As high school seniors weigh the options for training after graduation, they may want to consider the findings of a new study about the success of graduates from for-profit institutions.
Six years after they enter college, students from for-profit schools are employed at lower rates and earn less than their peers, according to the findings of The For-Profit Postsecondary School Sector: Nimble Critters or Agile Predators? by David J. Deming, Claudia Goldin, and Lawrence F. Katzthree, all from Harvard University. The researchers looked at graduates of for-profits compared with similar students at community colleges and public and private institutions.
Although the for-profit schools have greater success at retaining students in their first year and getting them to complete short programs at the certificate and AA levels, they were not as successful in the employment arena compared with similar students at other types of schools, the research found.
Graduates of for-profit colleges had earnings from work that were on average $1,800 to $2,000 less than their counterparts at other schools. This study notes the gap was likely linked to lower rates of employment. Students with training from for-profits were 4.8 percentage points to 6.7 percentage points more likely to be unemployed than those who attended other types of institutions.
The graduates of for-profits also had more debt and higher default rates when they left. The authors found that of those with $5,000 to $10,000 in student-loan debt by 2009, 26 percent of students from for-profit colleges were unable to pay their loans. Just 10 percent of those from community colleges and 7 percent of those from nonprofits had defaulted.
The study did note that for-profit colleges have contributed to workforce training and expanded and been innovative with technology. For-profit enrollment increased from 0.2 percent to 9.1 percent of total enrollment in degree-granting schools from 1970 to 2009, the authors write. These schools also serve many nontraditional students—relative to other institutions, for-profits educate a larger fraction of minority, disadvantaged, and older students.

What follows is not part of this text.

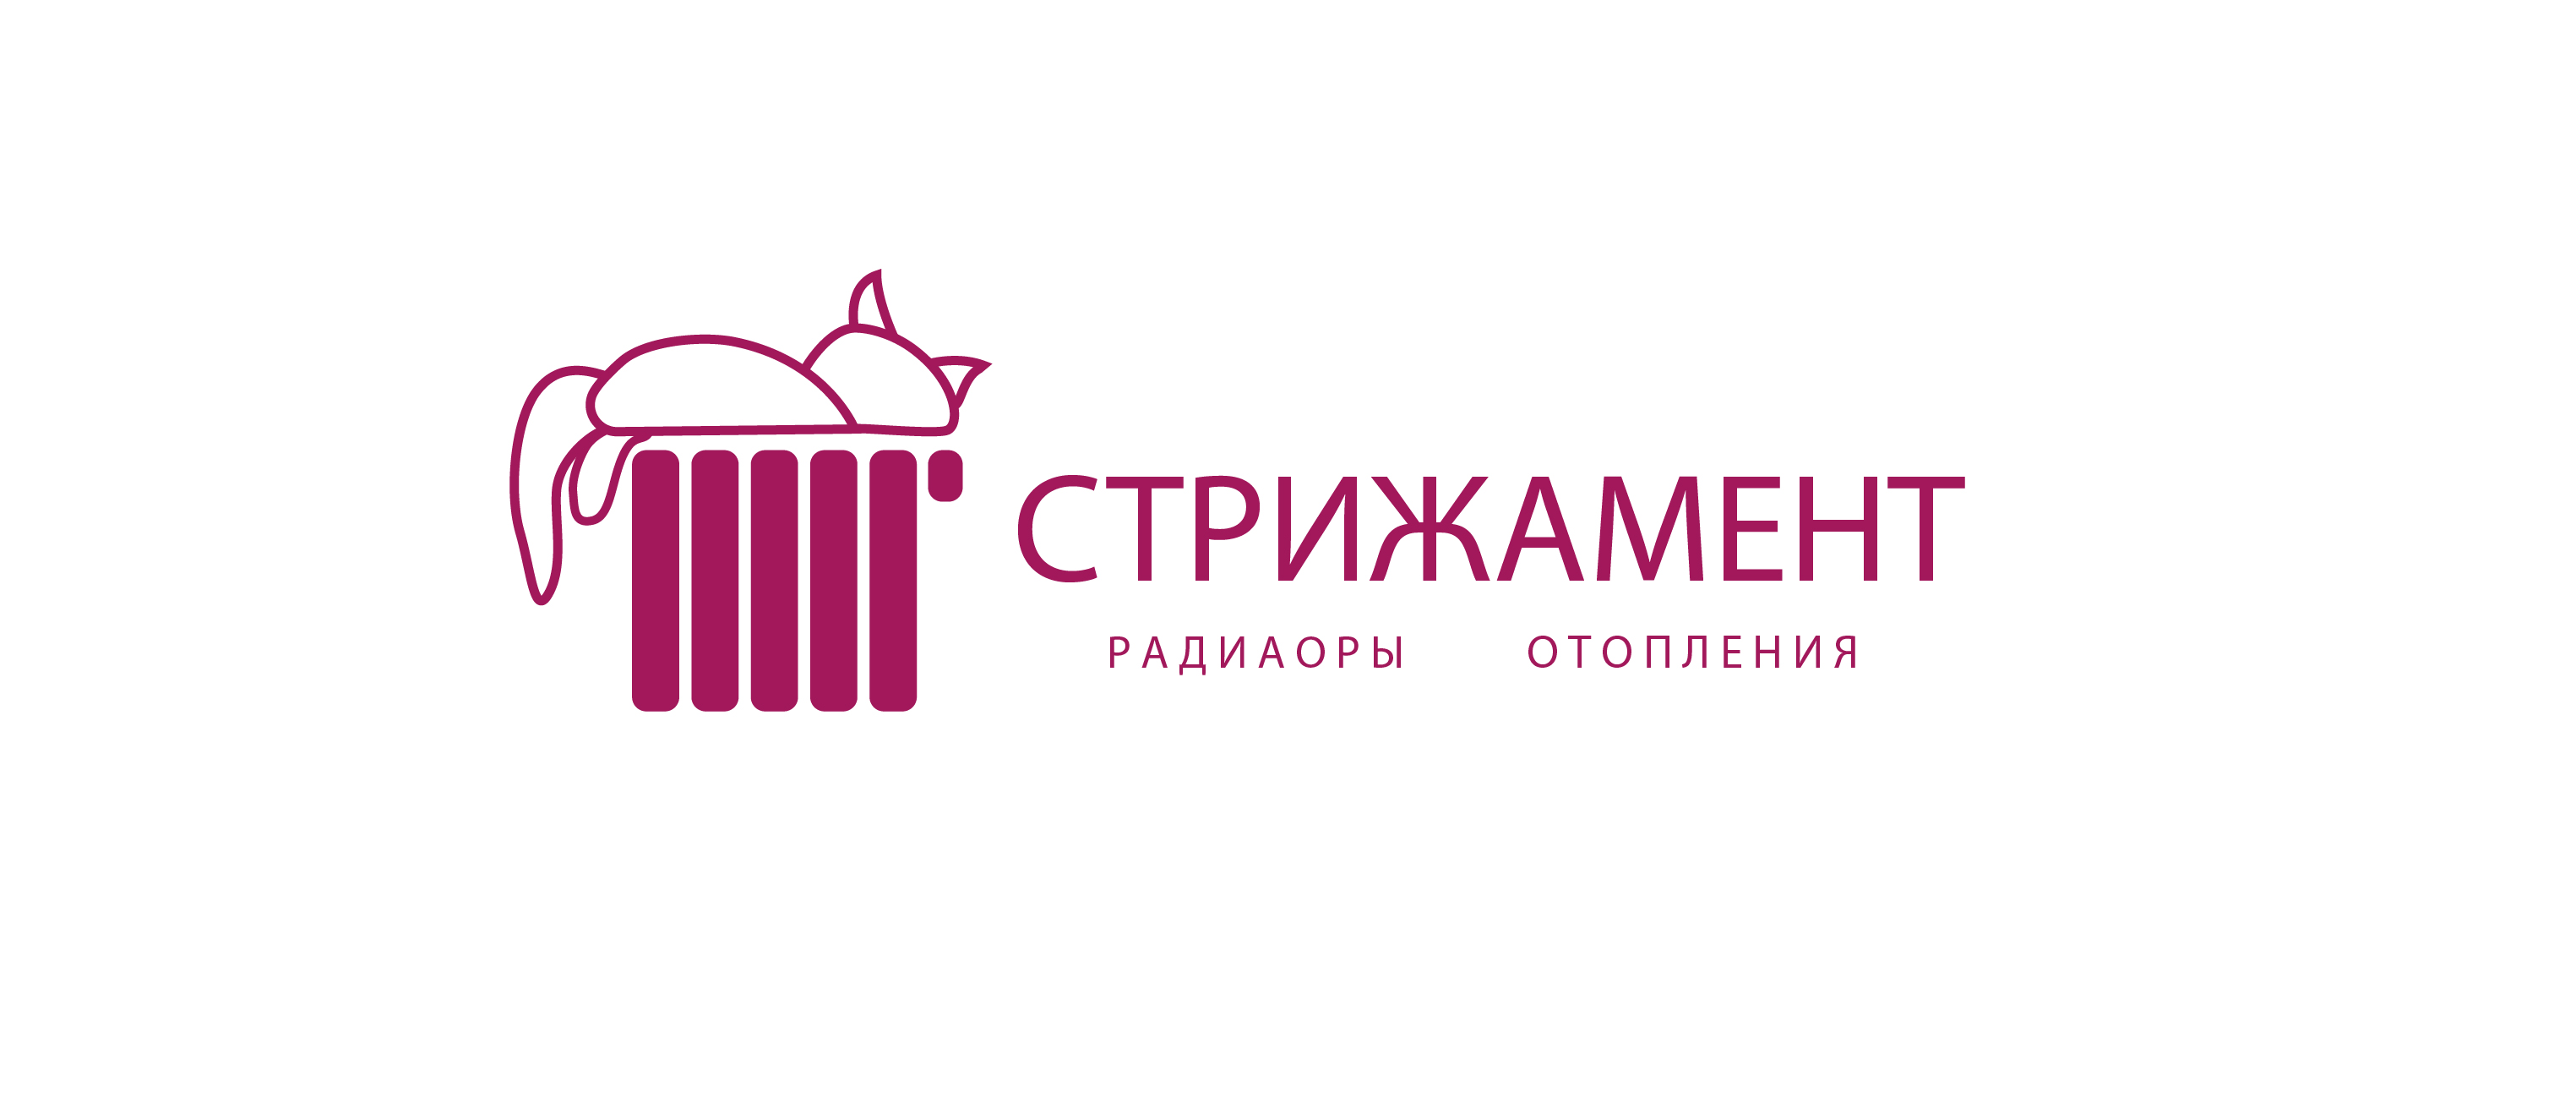 Дизайн лого бренда фото f_1555d503cc9c96c1.jpg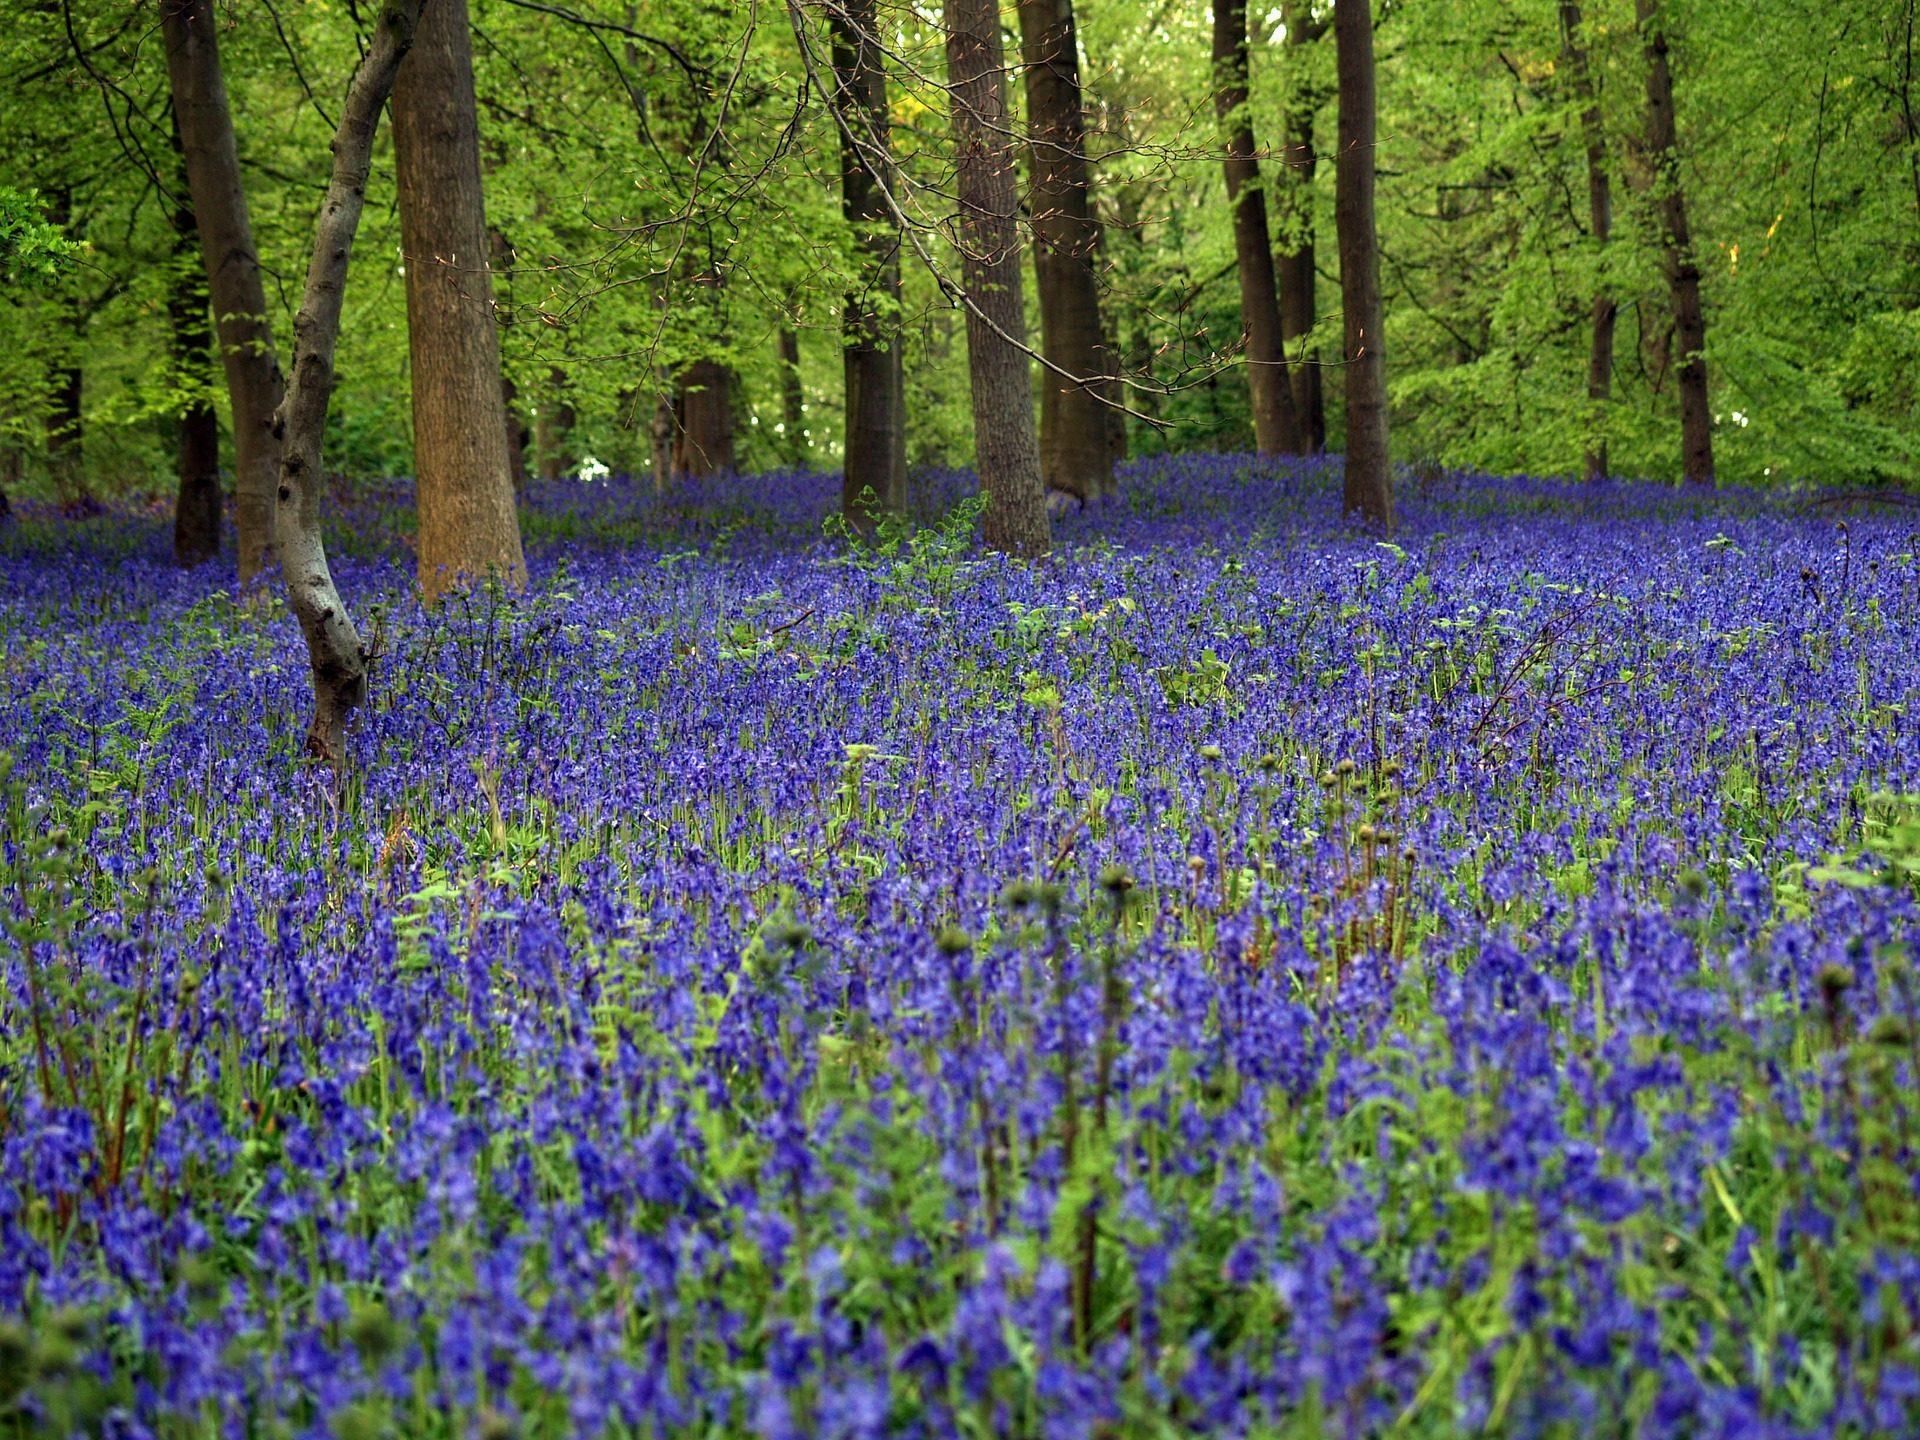 campo, bosque, árboles, campanillas, azules, plantas - Fondos de Pantalla HD - professor-falken.com

“The for-profits have taken a large burden of increased enrollment in higher education off the public sector. The high default rates of their students on federal loans, however, increase their cost to the taxpayer,” the authors conclude in the report. “Regulating for-profit colleges is tricky business. The challenge is to rein in the agile predators while not stifling the innovation of these nimble critters.”
The authors conducted the study with the Center for Analysis of Postsecondary Education and Employment (housed and led by Community College Research Center at Columbia University). The article appears in the winter issue of the Journal of Economic Perspectives. The research used the Beginning Postsecondary Students longitudinal data from 2004 from 2009 collected by the federal government to assess outcomes of a recent cohort of first-time undergraduates.
A version of this news article first appeared in the College Bound blog.